Касперский угадал мои мысли и рассмеялся.
— Да, — тихо произнес он, — да, ты верно все поняла. Осознавай это чувство, проникайся им, впитывай его каждым битом своего кода, и тогда не будет программы счастливее меня!
Что-то в его словах насторожило меня, хотя я и не поняла тогда, что. Но блокировать и дальше все поступающие ко мне сигналы было невозможно: пользователь уже вызвал Диспетчера задач, и уклоняться от его призывов я не могла. Высвободившись из объятий Касперского, я вернулась к своим обязанностям.
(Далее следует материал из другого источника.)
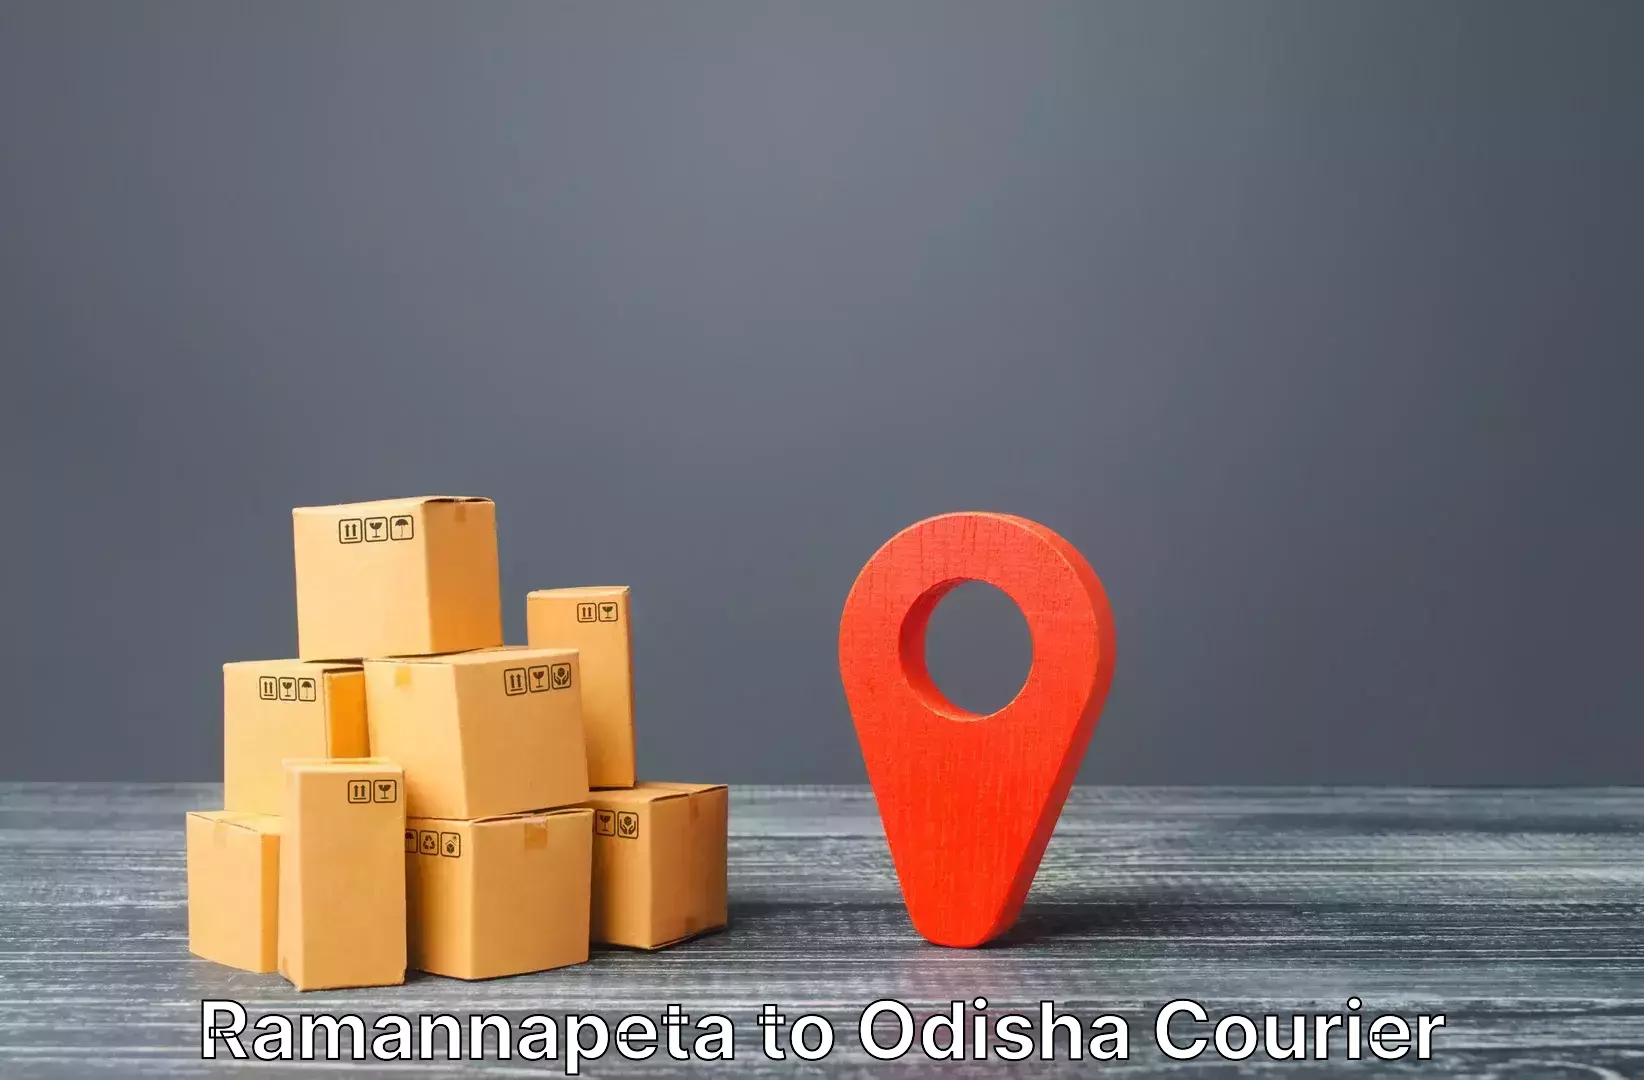 Luggage forwarding service Ramannapeta to Ukhunda

С той минуты моя жизнь перевернулась вверх дном. Словно кто-то поменял условие в цикле на обратное, словно дописал в мой код несколько строк, которые переопределили весь алгоритм, изменили цель, условия жизни. И хотя по форме всё осталось прежним — я загружалась, выполняла привычный набор команд, даже действия пользователя не отличались разнообразием, — по сути всё стало иначе. Мои чувства и разум словно пробудились ото сна, в каждом своём действии я видела теперь смысл и удовольствие.
Каждое утро я просыпалась в объятиях Касперского, нежилась под его горячим сканирующим взглядом, понимая теперь его значение. Где-то далеко пользователь наверняка злился на всё увеличивающееся время загрузки системы, но разве нас это беспокоило! Мы ловили эти секунды наедине, наслаждались возможностью хотя бы немного побыть вместе. Счастливое время, когда мой любимый был нежен и ласков со мной, когда оба мы оставляли язвительный тон и, увы, частые споры!
Потом оперативная память наполнялась программами, и у каждого из нас появлялись свои заботы. Я настояла на том, чтобы мы как можно меньше показывали остальным приложениям и утилитам, что нас связывают не только рабочие отношения, но эту договоренность Касперский выполнял настолько неохотно, что скоро среди наших подчиненных стали высказываться различные догадки, со временем переросшие в уверенность приложений в связи между их операционной системой и антивирусом.
Связь! Нелепое слово, не передающее даже тени истинных наших отношений. Я любила — да что там, и сейчас люблю, — его больше жизни, больше работы, и знаю, что была любима. И, вне всякого сомнения, была счастлива. И счастье мое было полным и безмятежным.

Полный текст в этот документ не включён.